Fiesta Time

Fiesta Time
Xiomara Reyes and Herman Cornejo in "Don Quixote" photo © Mira

"Don Quixote"
American Ballet Theatre
Metropolitan Opera House
New York, NY
June 11, 2008, Matinee


This vibrant, detailed, and exciting performance of the Petipa-based Spanish comedy remotely connected to Cervantes featured, among other joys, the debut of Herman Cornejo as the poor barber Basilio.  The artistic gods aren't known for their fairness, and his comparatively short stature and Puckish looks make the more extravagantly noble ballet heroes a stretch, but his exceptional technique and distinctive personality make him a natural for leading roles.  He danced Basilio like a human gyroscope on springs, but he also made Basilio warm, tender, and playful.  As yet, he doesn't project the calm nobility in the third act of some more naturally elegant dancers, worshiping their Kitris as she twirls away, but he didn't just stand there waiting for his chance; this was more of a friendly conversation. 

He was talking to Xiomara Reyes, whose natural stage presence and piquant sense of comedy made this a very human story.  She was best as the flirtatious, charming Kitri of the first act.  She didn't quite develop the contrast between the earthy first act-dancer, the ethereal vision, and the grand classical ballerina that Petipa challenges his dancers to create; she is more of a soubrette, and her Kitri was warmly human throughout.  One the fouette front, though, she did seem more than human, using the bright red fan held high to signal her many, very secure, doubles.  A technical tour de force, well-deserving of the raucous cheers, but she also made them seem fun.

But if "Don Quixote" were only spins and jumps and the final pas de deux, I doubt if it would have lasted as well as it has.  It also has its acting and artistic challenges, in the character of the hapless suitor Gamache and the vestigial Don, and one of the wonderful vision scenes.  The deluded Don was Victor Barbee, who made the opening scene, where he sees the vision of the unattainable Dulcinea, into a moving little vignette, a mini-portrait of everyone who trys to reach for beauty.  Gamache, so long the province of the remarkable and much missed Guillaume Graffin, was danced (acted is too limited a word) by the young Craig Salstein, in an astoundingly detailed and often subtle comic turn.  He was the epitome of prissy manners and mincing pride, pulling out his sword at any and every perceived slight to his delicate honor.  I'm afraid that I missed much of Kristi Boone's languorous Mercedes, because I couldn't help but watch Salstein time the most obvious pratfalls.

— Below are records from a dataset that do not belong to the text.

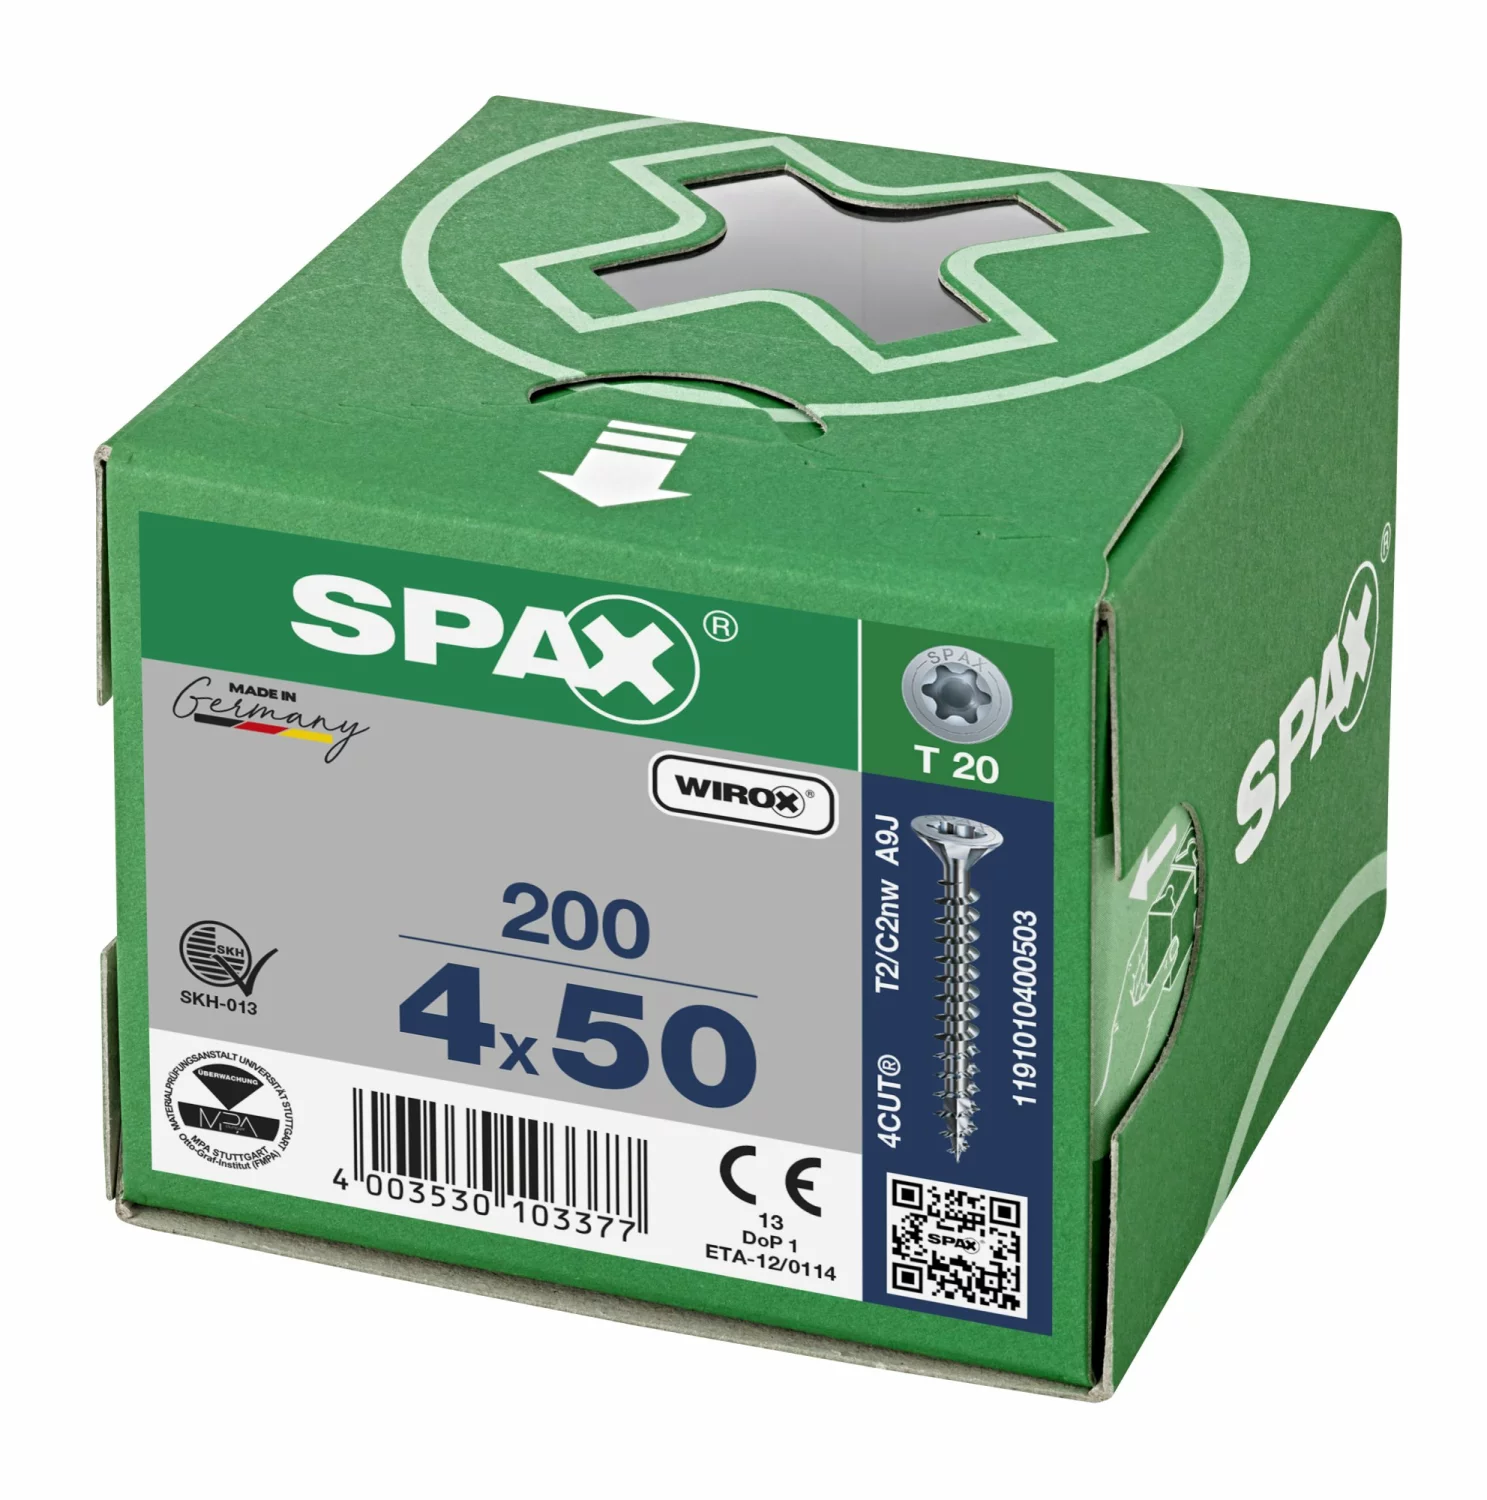 SPAX 1191010400503 Universele schroef, Verzonken kop, 4 x 50, Voldraad, T-STAR plus TX20 - WIROX - 200 stuks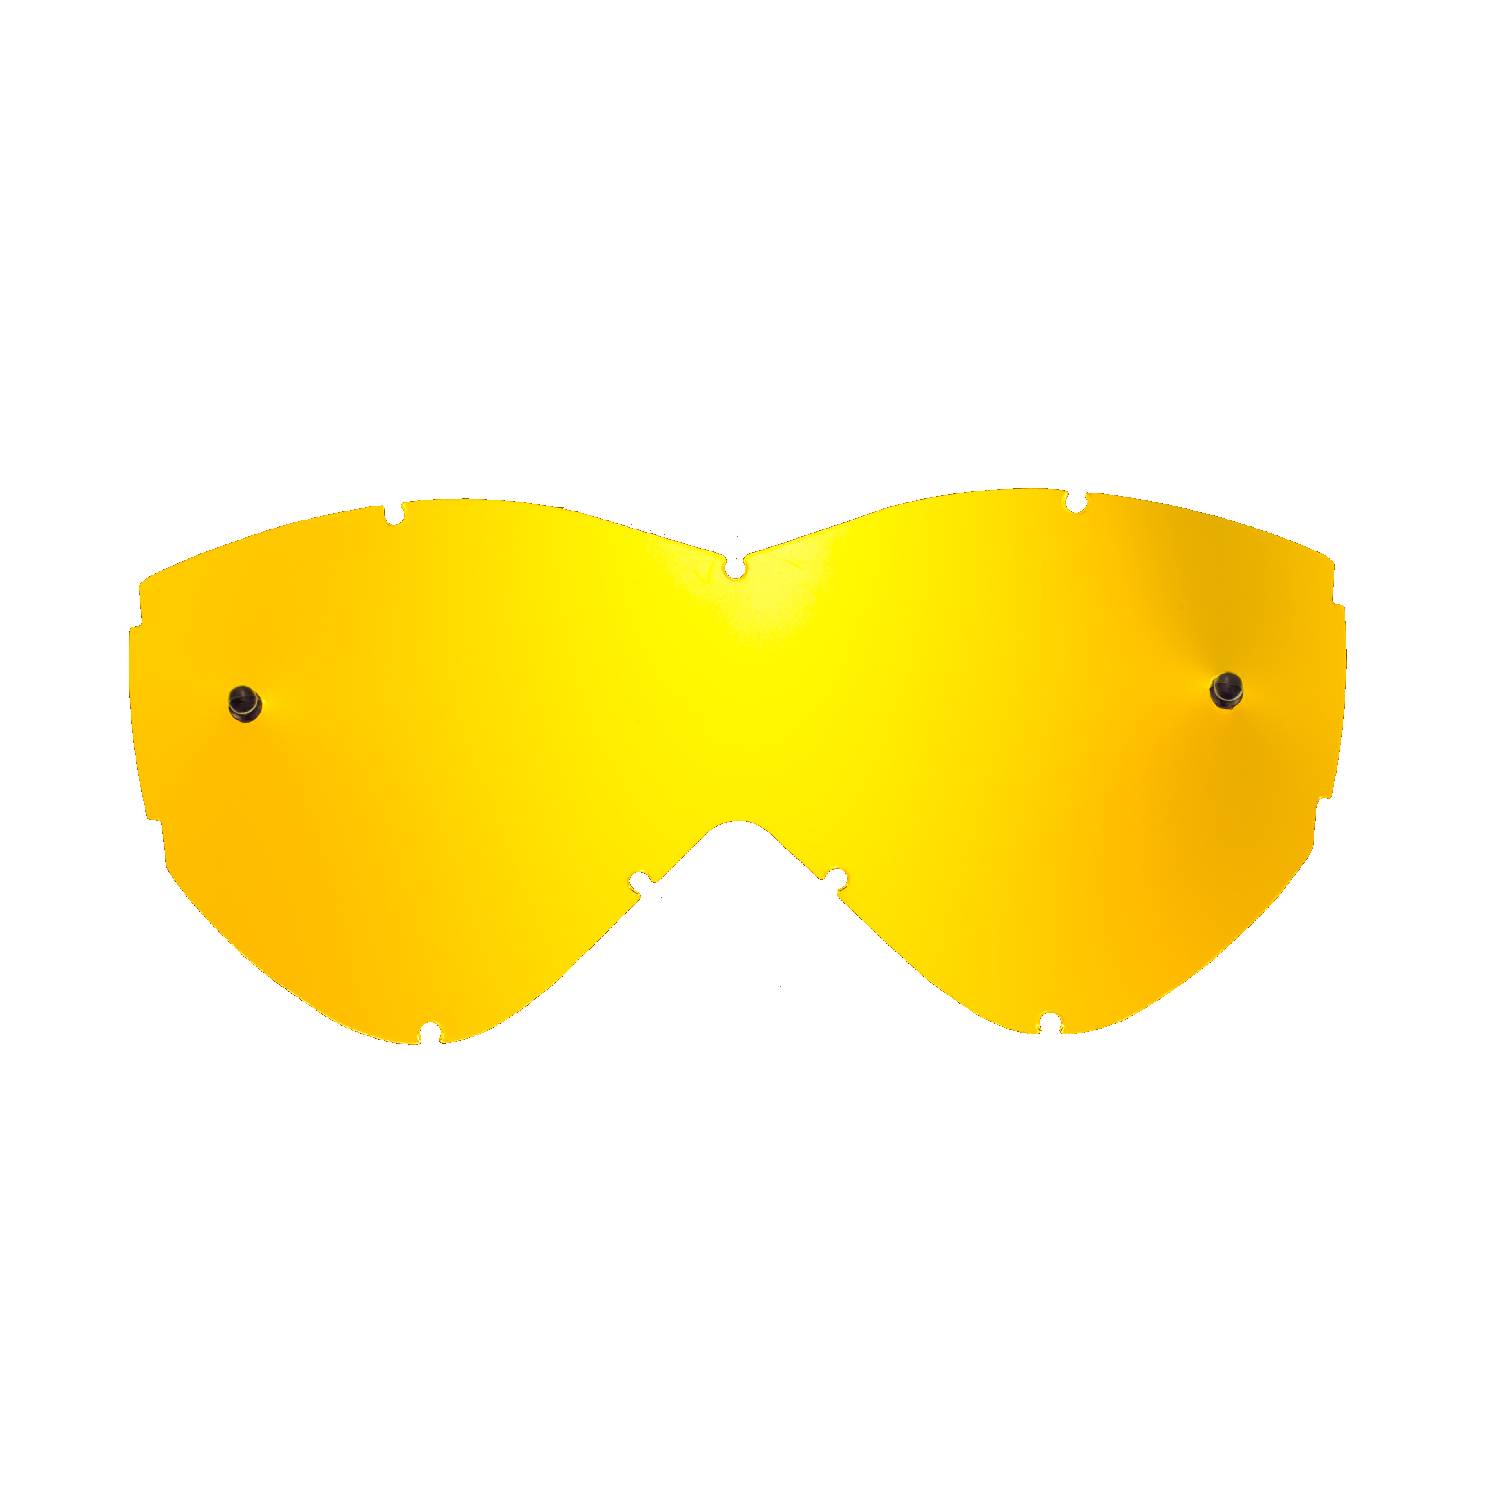 Lente di ricambio oro specchiato compatibile per occhiale/maschera Smith Warp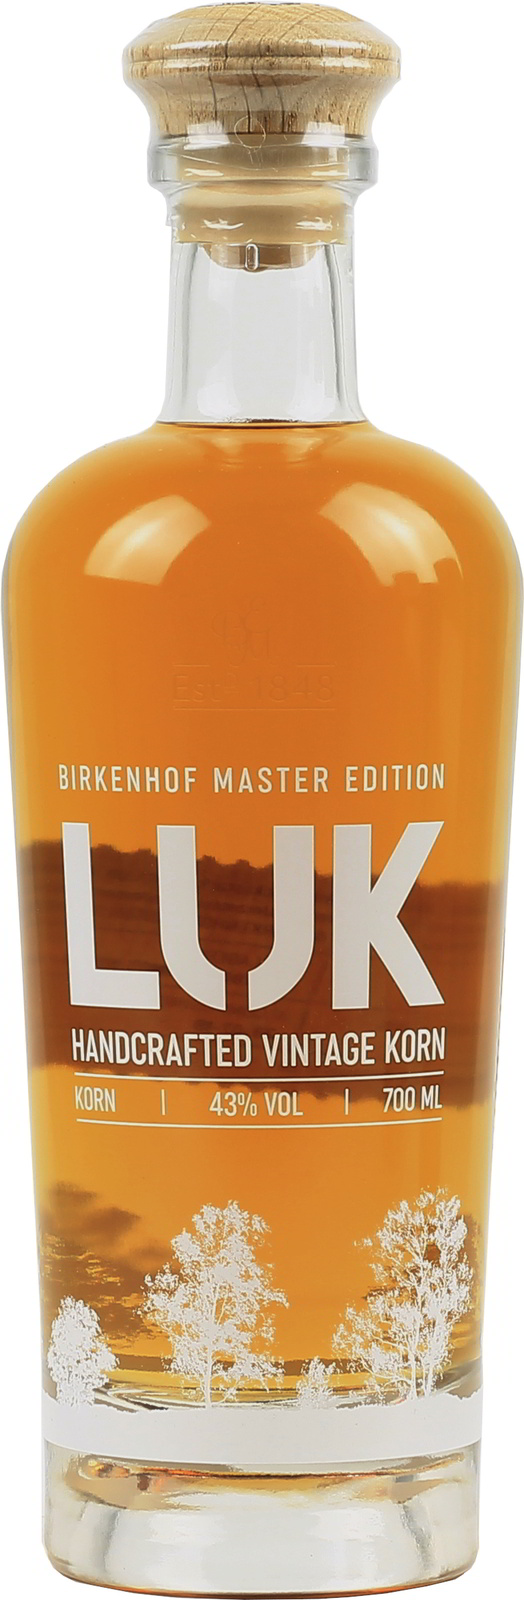 Handcrafted Korn, LUK exquisit Vintage Birkenhof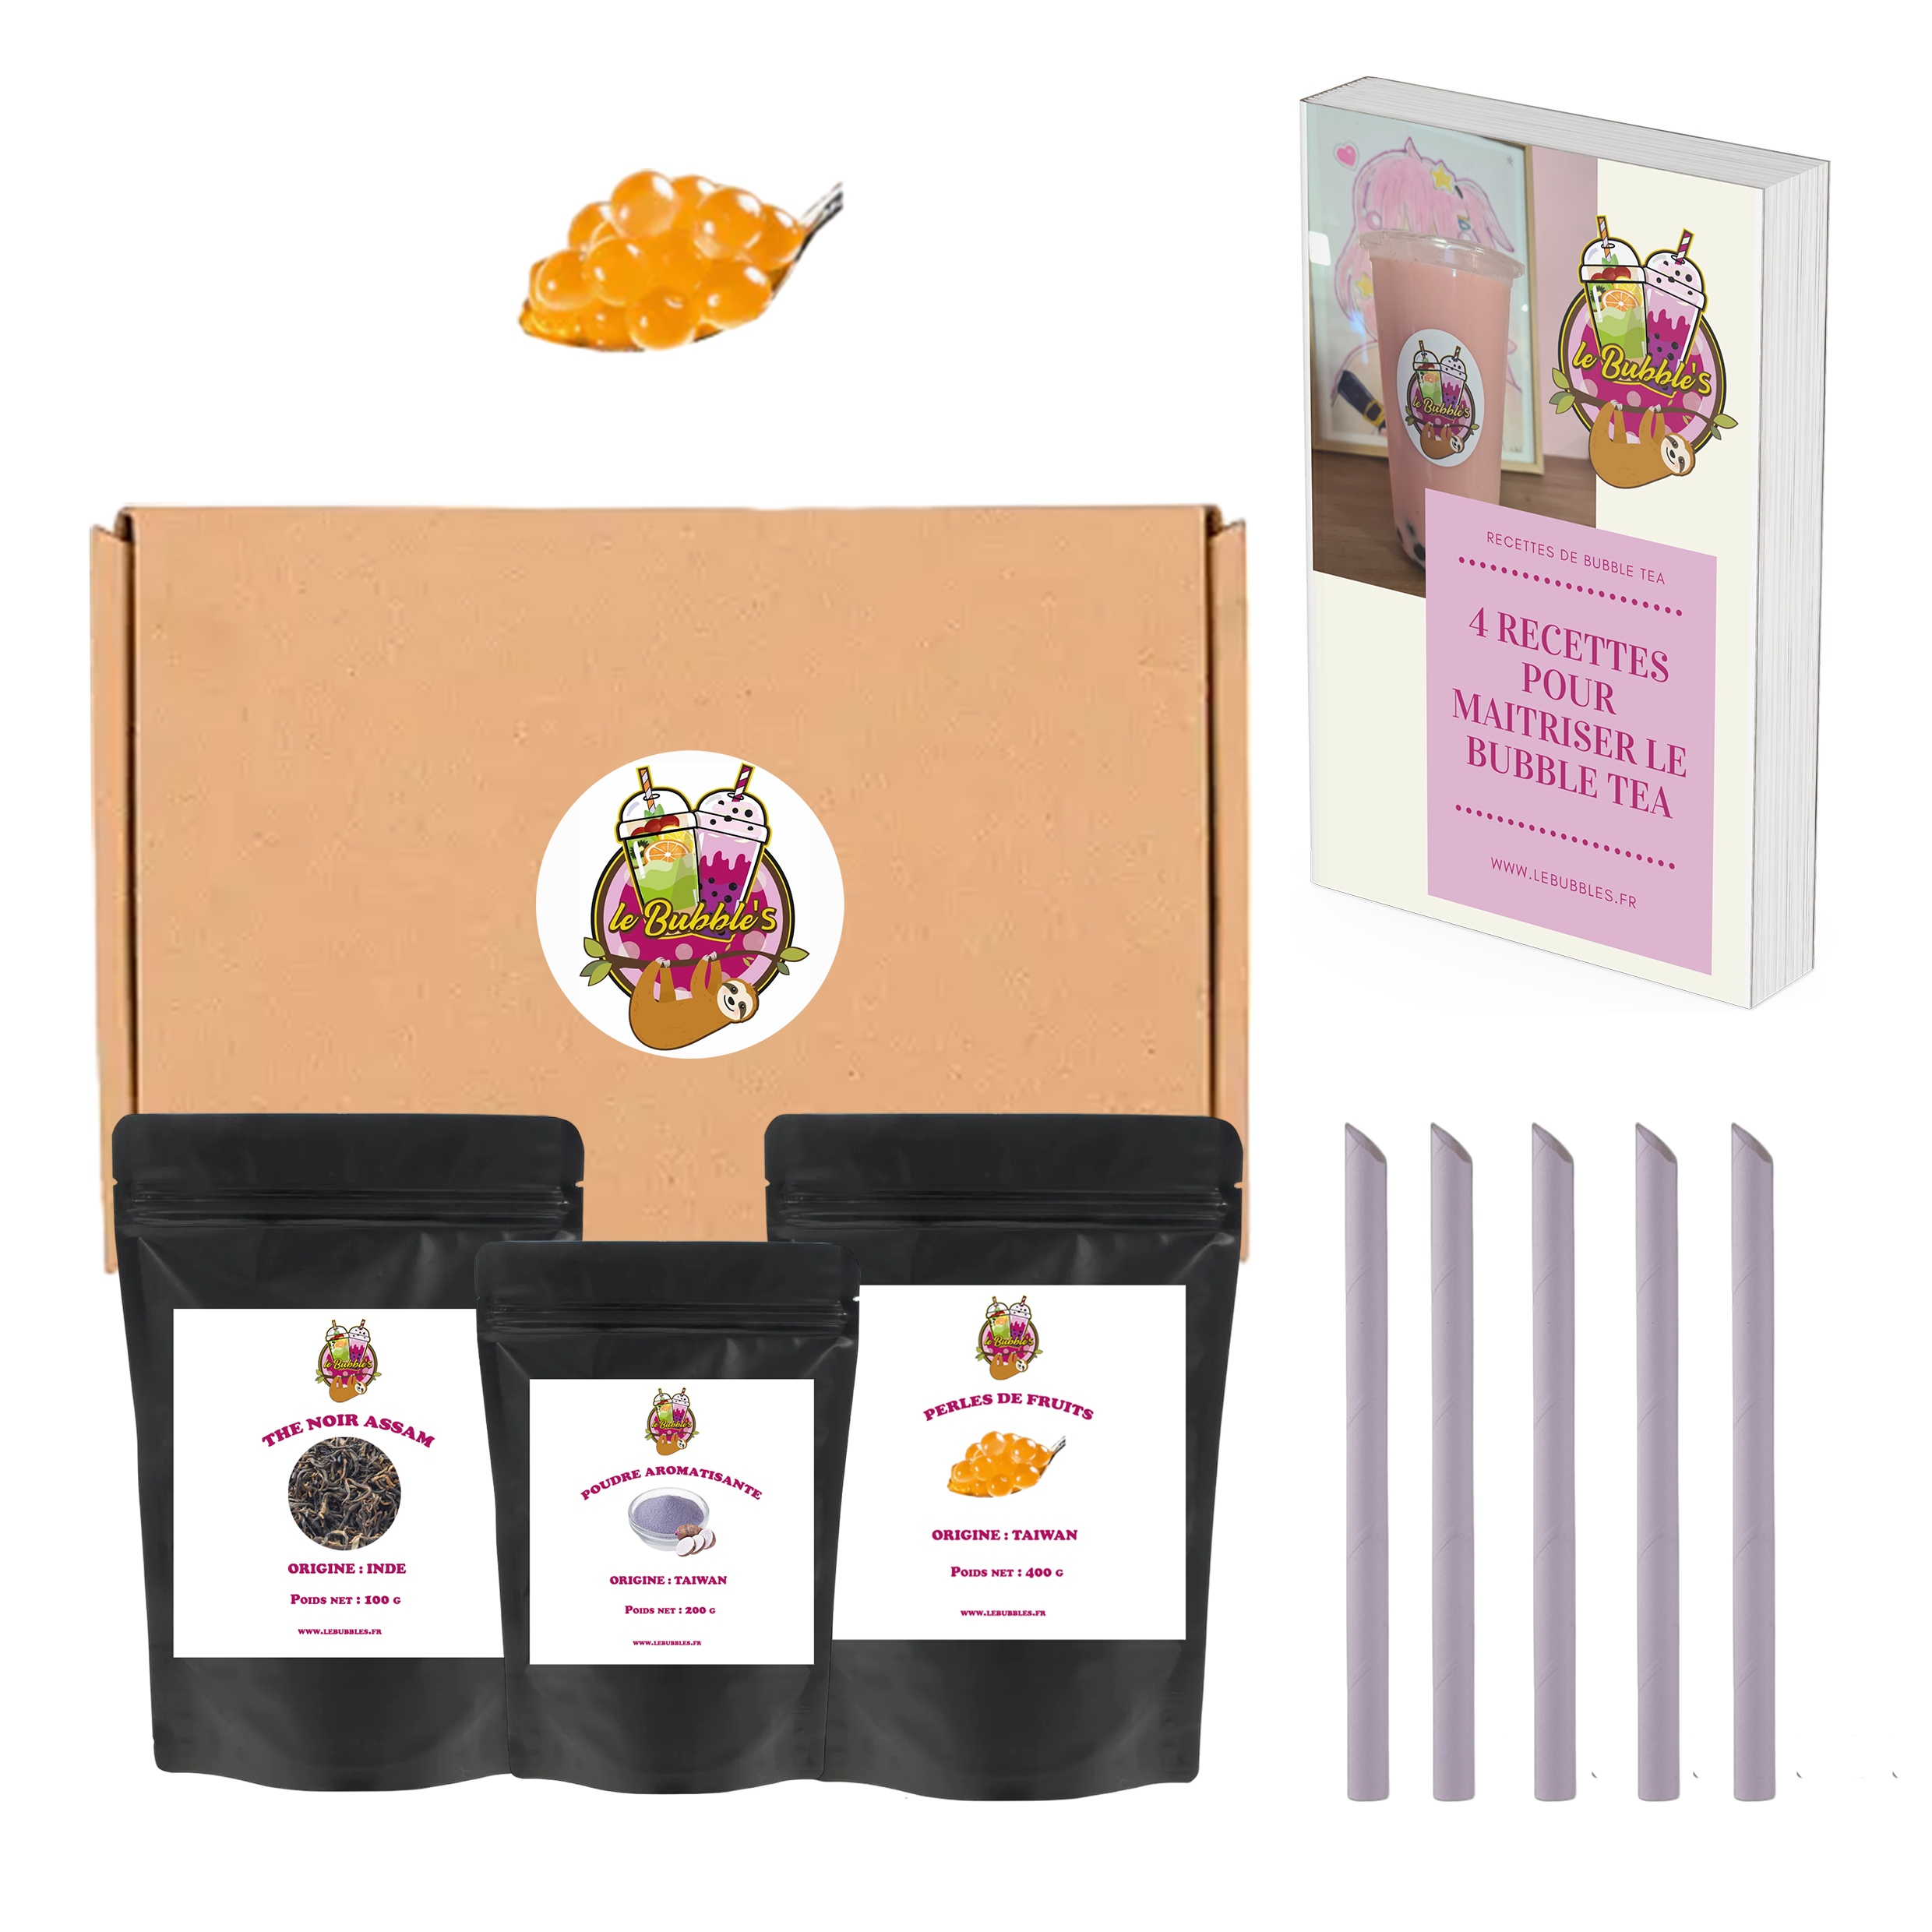 kit bubble tea poudre aromatisante et perles de fruits

The vision scene, though it doesn't have the dramatic power of the white act of "La Bayadere", or the poetry of "The Sleeping Beauty's" (when done right), or the musical richness of the "Jardin Anime" scene, has its own gentle power, and it is pure bliss.  It was dominated by Melissa Thomas' radiant and scrupulous Queen of the Dryads, and Anne Milewski's charming Amour.  This seems, to judge from the various Russian versions I have seen, to be a fairly unobstructed view of what passes as the original choreography; the same can't be said, though, for the so-called gypsy camp dances.  These look like a combination of Hollywood Red Indians, the Polovotsian tribes, and a rumble from West Side Story; Misty Copeland as Anita and Joseph Phillips as Bernardo (here called the Gypsy couple) were a feisty handfull. But the performance ultimately belonged to Cornejo; may there be many more to come.